Exercise:
No pictures in the copy. Write out the listing below exactly.

Dataset section:
*** Block opens ***
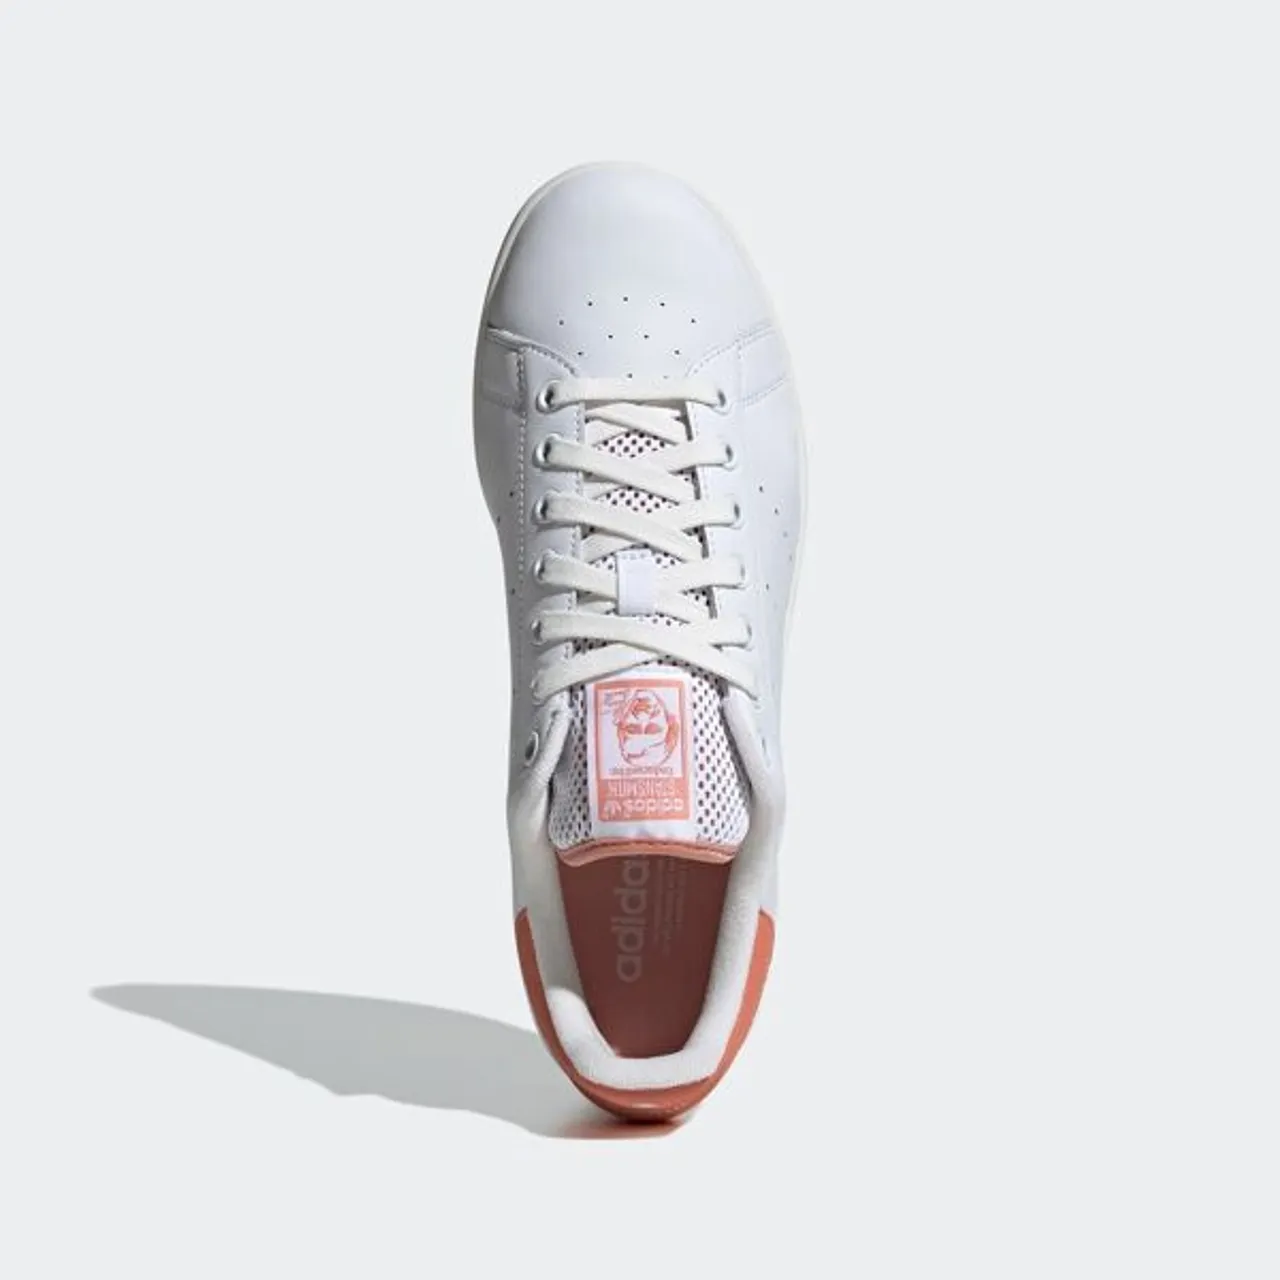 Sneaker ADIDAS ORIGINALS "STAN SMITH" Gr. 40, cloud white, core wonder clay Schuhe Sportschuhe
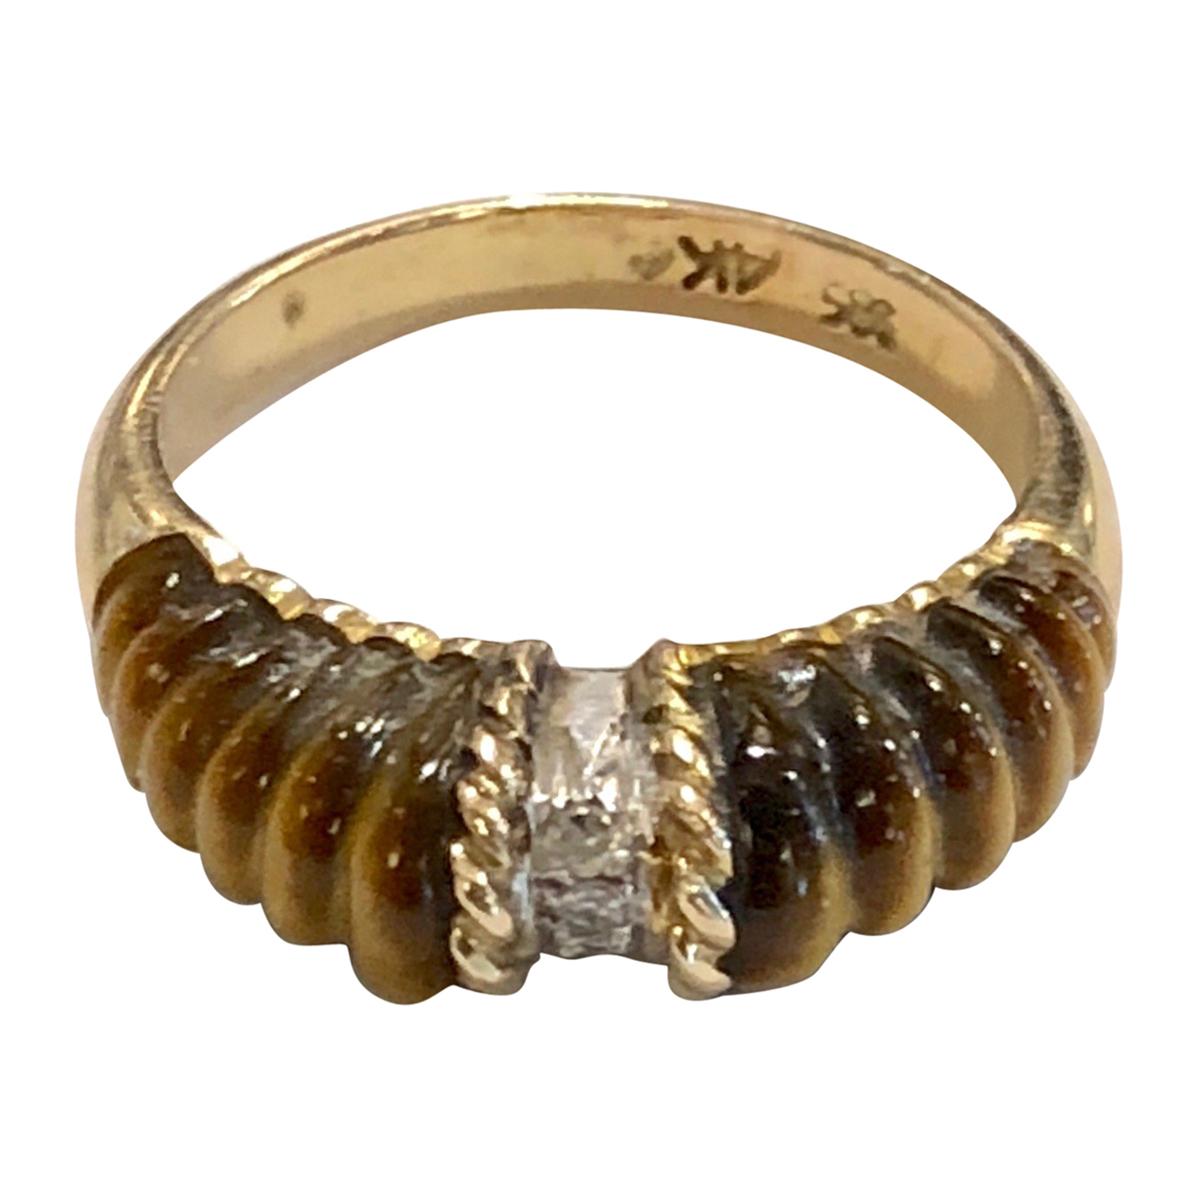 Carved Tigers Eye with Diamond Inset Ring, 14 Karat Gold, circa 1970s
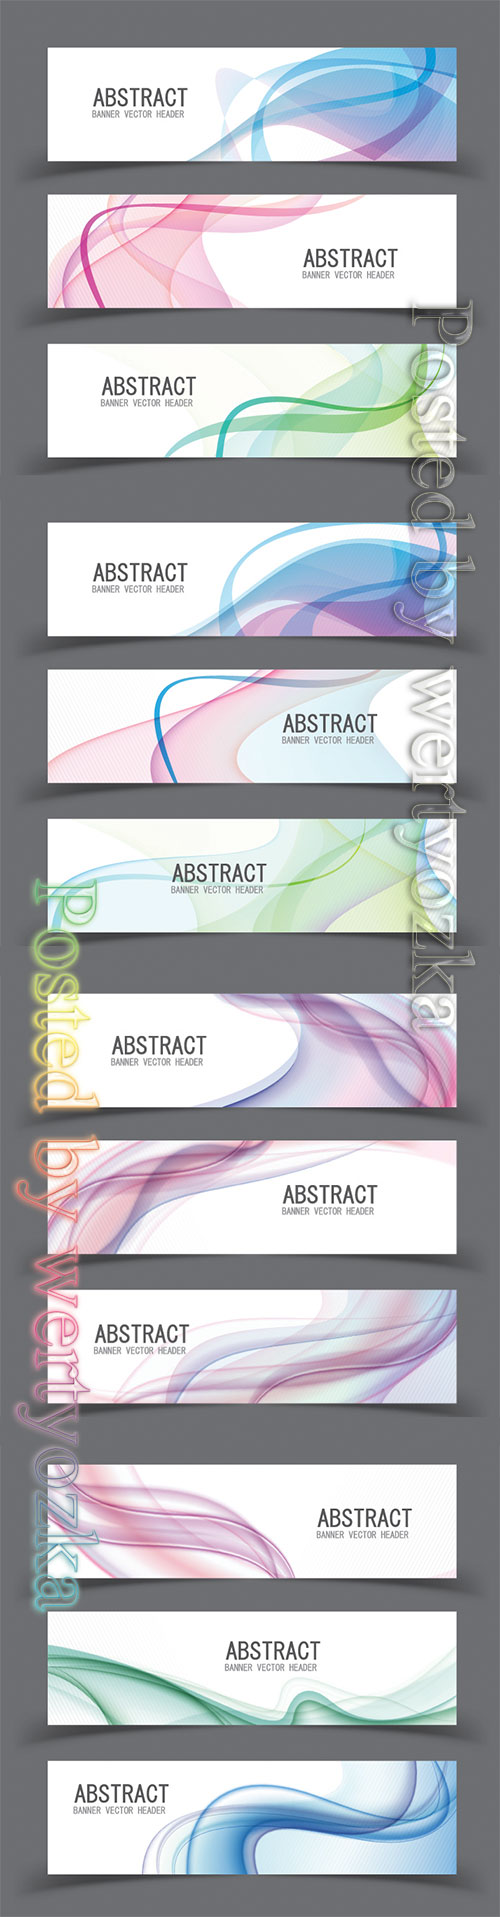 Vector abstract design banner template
*** Block closes ***
Answer for the task:
 Sneaker ADIDAS ORIGINALS "STAN SMITH" Gr. 40, cloud white, core wonder clay Schuhe Sportschuhe
 Carved Tigers Eye with Diamond Inset Ring, 14 Karat Gold, circa 1970s
 Vector abstract design banner template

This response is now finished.